W odniesieniu do Boga i w modlitwie Jezus najczęściej odnosił się do Boga jako do swojego Ojca. Powinniśmy to rozumieć przynajmniej w kategoriach mesjańskich. W przymierzu z Dawidem, Bóg obiecał, że uczyni syna Dawida swoim własnym synem (2 Sam. 7:14). Chociaż odnosi się to do królewskiej linii Dawida, to ostatecznie odnosi się do tego „większego syna Dawida”, Mesjasza. Znajduje to odzwierciedlenie, na przykład, w Psalmie 2:7, Psalmie, który antycypuje intronizację większego Syna Dawida – „Tyś jest mój Syn, dziś Cię spłodziłem”. Odzwierciedla to również język „syna Bożego” z Ewangelii Jana. „Syn Boży” jest tytułem mesjańskim.

Ale kiedy Jezus odnosi się do Boga jako swojego Ojca, jest w tym dużo więcej implikacji, i tu wkraczamy w niektóre z najgłębszych tajemnic wiary chrześcijańskiej. Bóg jako Ojciec i Chrystus jako Jego Syn odzwierciedlają odwieczną relację wewnątrz Bóstwa.

Implikacje polecenia Jezusa, aby chrzcić „w imię Ojca i Syna i Ducha Świętego” są ogromne. Jest jedno „imię”, w które uczniowie Jezusa mają być chrzczeni. Tym „imieniem” jest oczywiście sam Bóg. A jednak są trzy osoby, które dzielą to imię – Ojciec, Syn i Duch Święty. Istnieje między nimi rozróżnienie (Ojciec, Syn i Duch), a jednak ci trzej jednoczą się w jednym boskim „imieniu”. Od tego momentu Jahwe jest znany pod tym imieniem – Ojciec, Syn i Duch.

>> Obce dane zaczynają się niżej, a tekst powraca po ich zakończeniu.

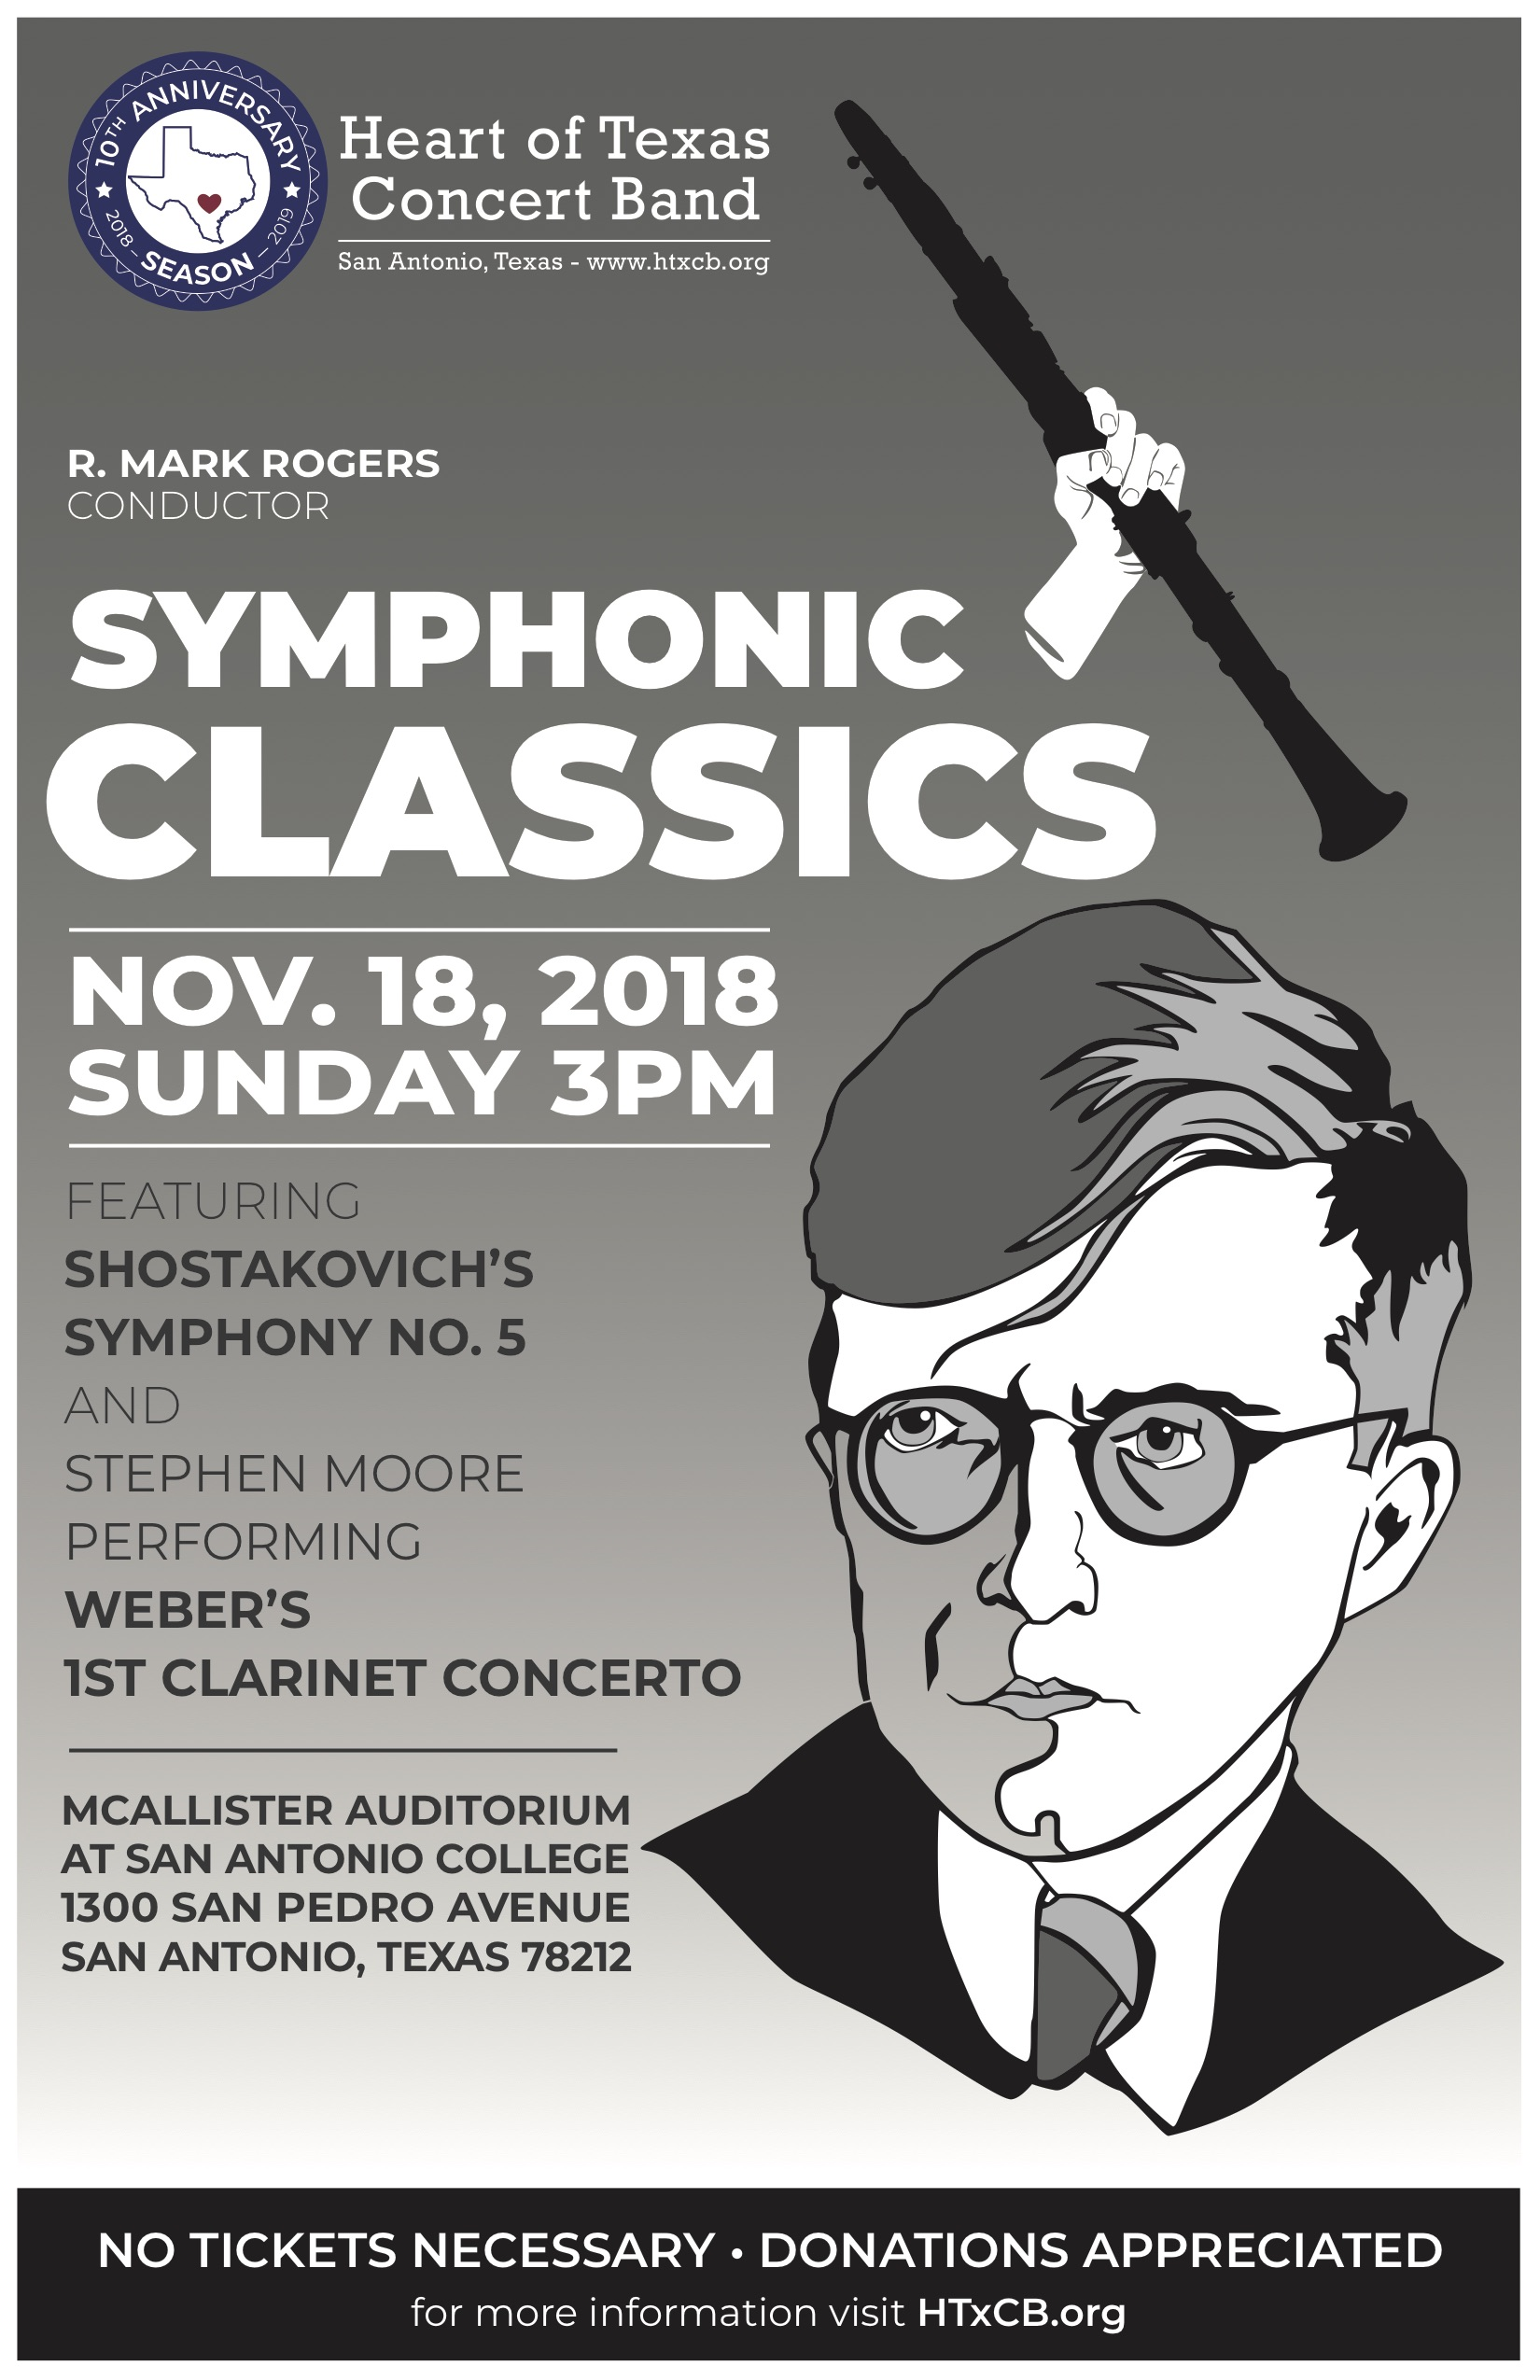 A Night At the Opera - October 7, 2018

A więc jest jeden Bóg, a jednak trzy Osoby. A relacja między nimi jest taka, jak między Ojcem i Synem. Ojciec miłuje Syna, jak nam powiedziano (J 3,35; 5,20), a Syn miłuje Ojca (J 14,31). Oto prototyp i wzór ojcostwa i synostwa (Ef 3,14-15), i oto mamy przynajmniej namiastkę wiecznej radości i zadowolenia Trójjedynego Boga – doskonałej miłości, doskonale wyrażonej, doskonale przyjętej, doskonale odwzajemnionej i doskonale przeżywanej w doskonałej wspólnocie na zawsze.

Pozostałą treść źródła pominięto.